After wrapping up a Q&A session at a public conference where I presented on the topic of Islam and Christian-Muslim relations to a largely evangelical Christian audience, an older man who was sitting in the back approached me at the podium.
Rather nonchalantly, he asked, “You do know that the Constitution wasn’t written for Muslims, right?”
As we talked, he elaborated on his opinion that the concept of religious freedom does not apply to Islam and Muslims because, he said matter-of-factly, “Islam is not a religion.” At the time, it seemed to me a fringe theory cooked up in the dark corners of the internet or in 6am greasy-spoon breakfast meet-ups.
In short, I could not really believe — given my own biases — that people could actually think that the First Amendment and its promise of religious freedom did not extend to Islam and Muslims in the U.S.
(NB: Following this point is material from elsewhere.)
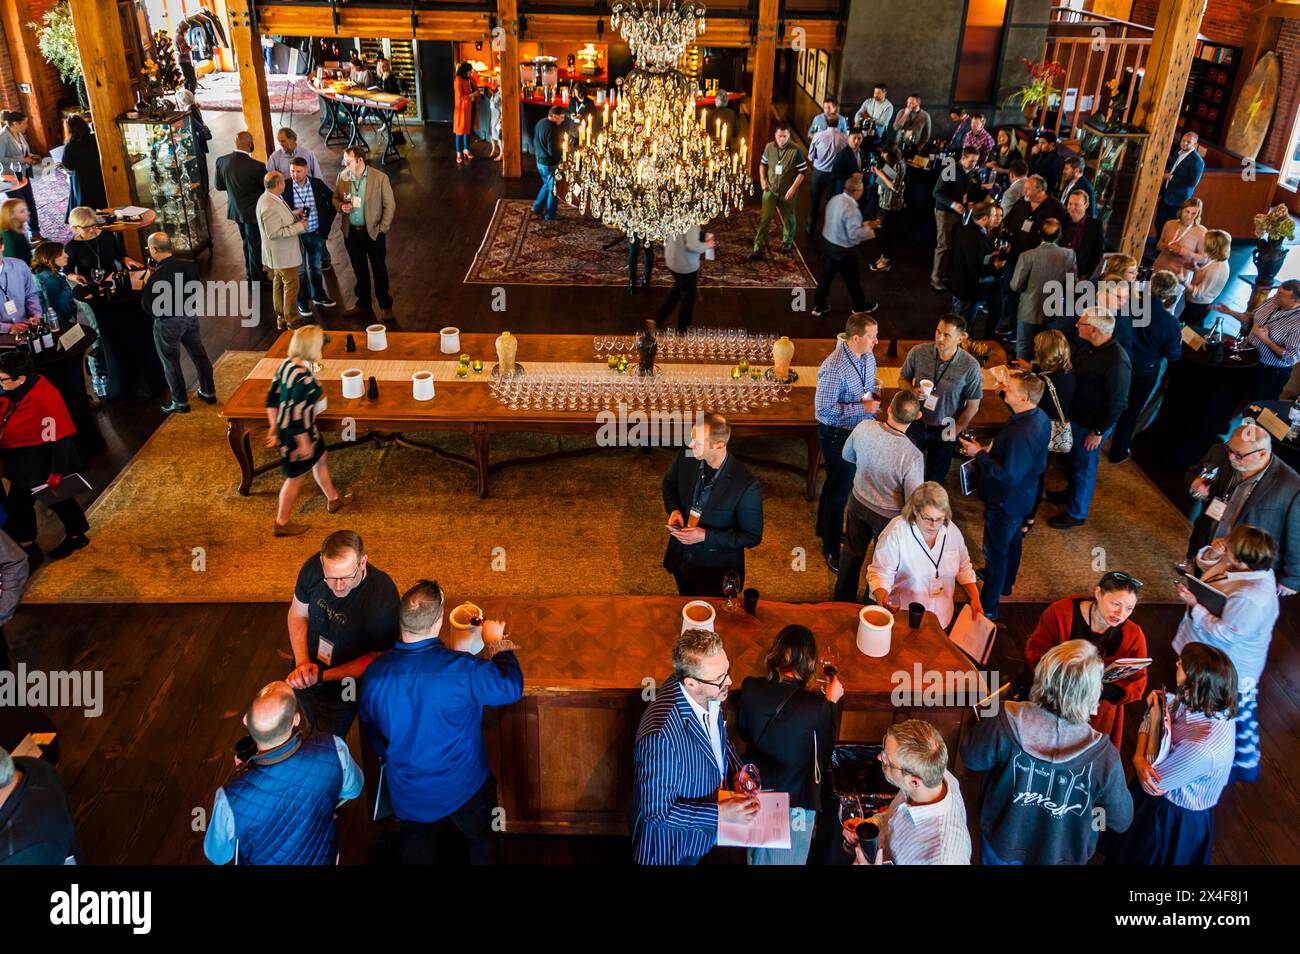 USA, Washington State, Walla Walla. Guests converge on wine tasting event in Walla Walla. (Editorial Use Only) Stock Photo

However, far from fringe political theory or radical cultural posturing, this view has found its way into legal briefs, court cases, and political contexts in recent years. In fact, these legal and political perspectives are the fodder for Asma Uddin’s new book When Islam Is Not a Religion: Inside America’s Fight for Religious Freedom.
In this work, Uddin points out that many Americans insist that the religious liberty they so quickly claim for Christianity or Judaism (or other religions beyond the nation’s so-called “Judeo-Christian” heritage) does not extend to Islam and Muslims in the U.S.